How I Debug Multiplayer Desyncs in Unity
A practical process for tracking down desyncs in Unity multiplayer games — from making the bug reproducible to isolating the non-deterministic code that caused it.
Desyncs are the hardest class of multiplayer bug because they hide. The game runs fine on your machine, fine in the editor, and then two players in different states report that "something went wrong" with no clear steps to reproduce. Here's the process I use to make them tractable.

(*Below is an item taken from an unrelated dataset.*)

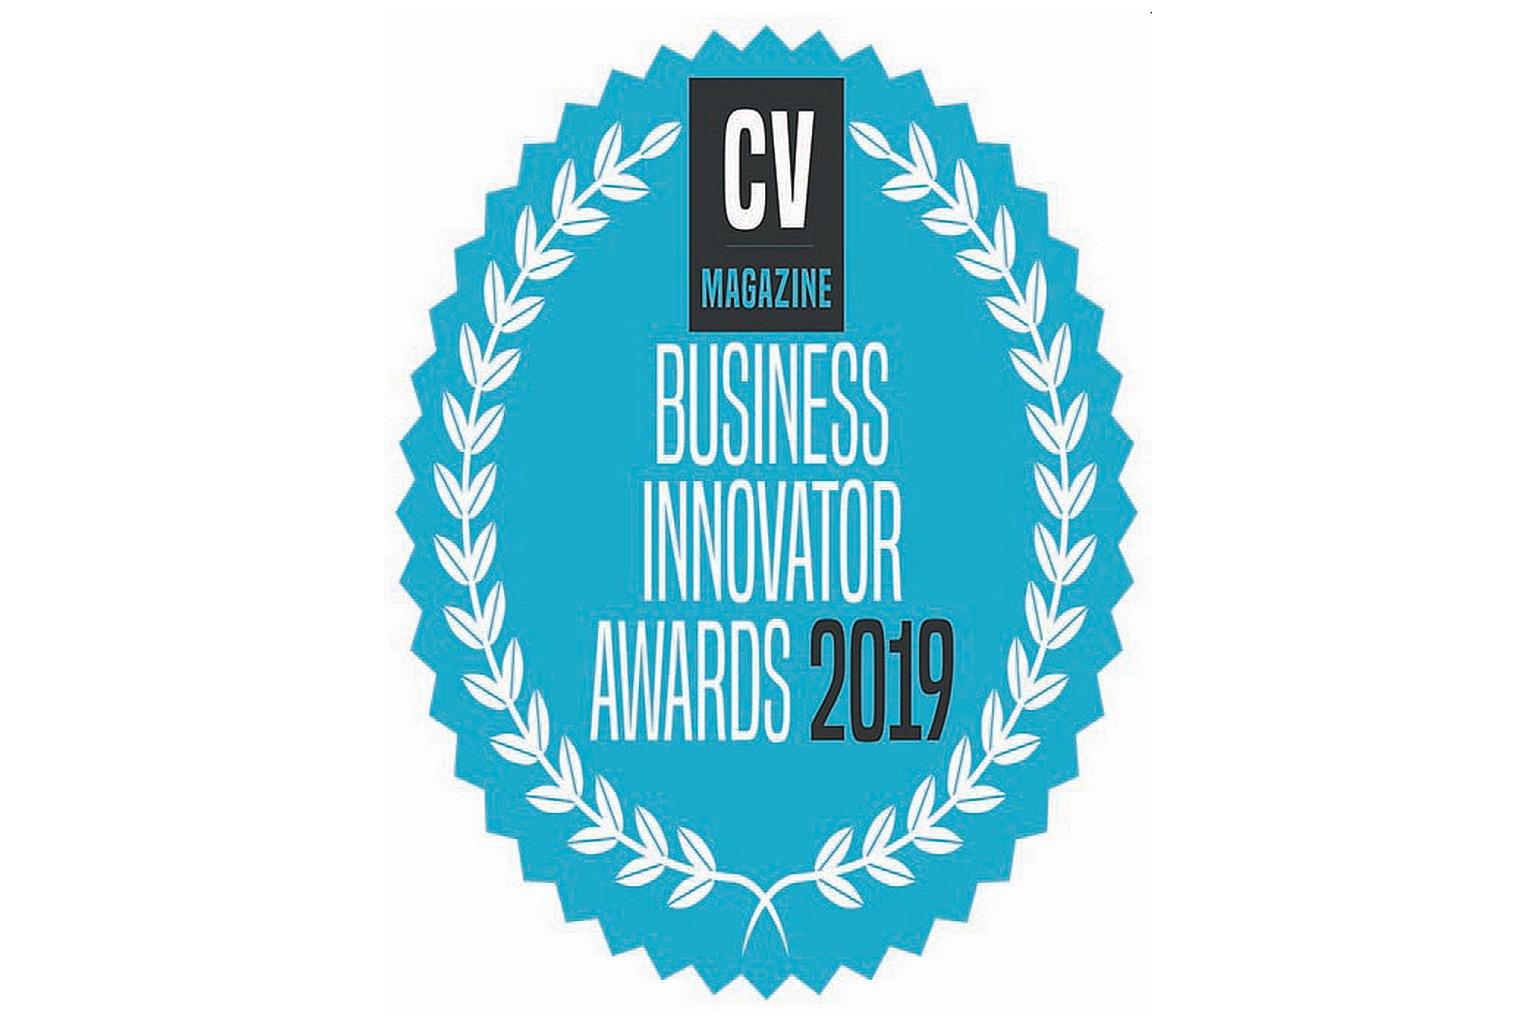 CT Corporation wins business innovator award

1. Make it reproducible before anything else
A desync you can't reproduce is a desync you can't fix. My first move is always to build tooling: a way to force a specific game state, replay a recorded sequence of inputs, and snapshot the simulation at each frame. Once you can trigger the divergence on demand, you've turned an impossible bug into an ordinary one.
2. Compare, don't guess
With deterministic netcode, two clients that started from the same state and received the same inputs must match. So I capture the simulation state on both clients frame by frame and compare them. The first frame that differs points straight at the system that broke determinism.
3. Hunt the usual suspects
Most desyncs trace back to a short list of causes:
- Unseeded randomness — any
Randomcall that isn't driven by a shared, deterministic seed. - Floating-point drift — non-deterministic math or engine physics leaking into gameplay logic.
- Frame-order dependence — logic that depends on
Updateordering or wall-clock time instead of the simulation tick. - State outside the simulation — gameplay-affecting values living in MonoBehaviours or static fields the netcode doesn't roll back.
4. Fix the cause, then re-verify
Once the divergent system is found, the fix is usually to move that logic back inside the deterministic simulation or remove the source of non-determinism. Then I re-run the same recorded input sequence and confirm both clients now match all the way through. If they do, the bug is genuinely gone — not just hidden again.
This is the same approach I used on shipped Photon Quantum titles like Soul Fighters, and it's why project-rescue work on broken multiplayer is some of the most valuable work I do.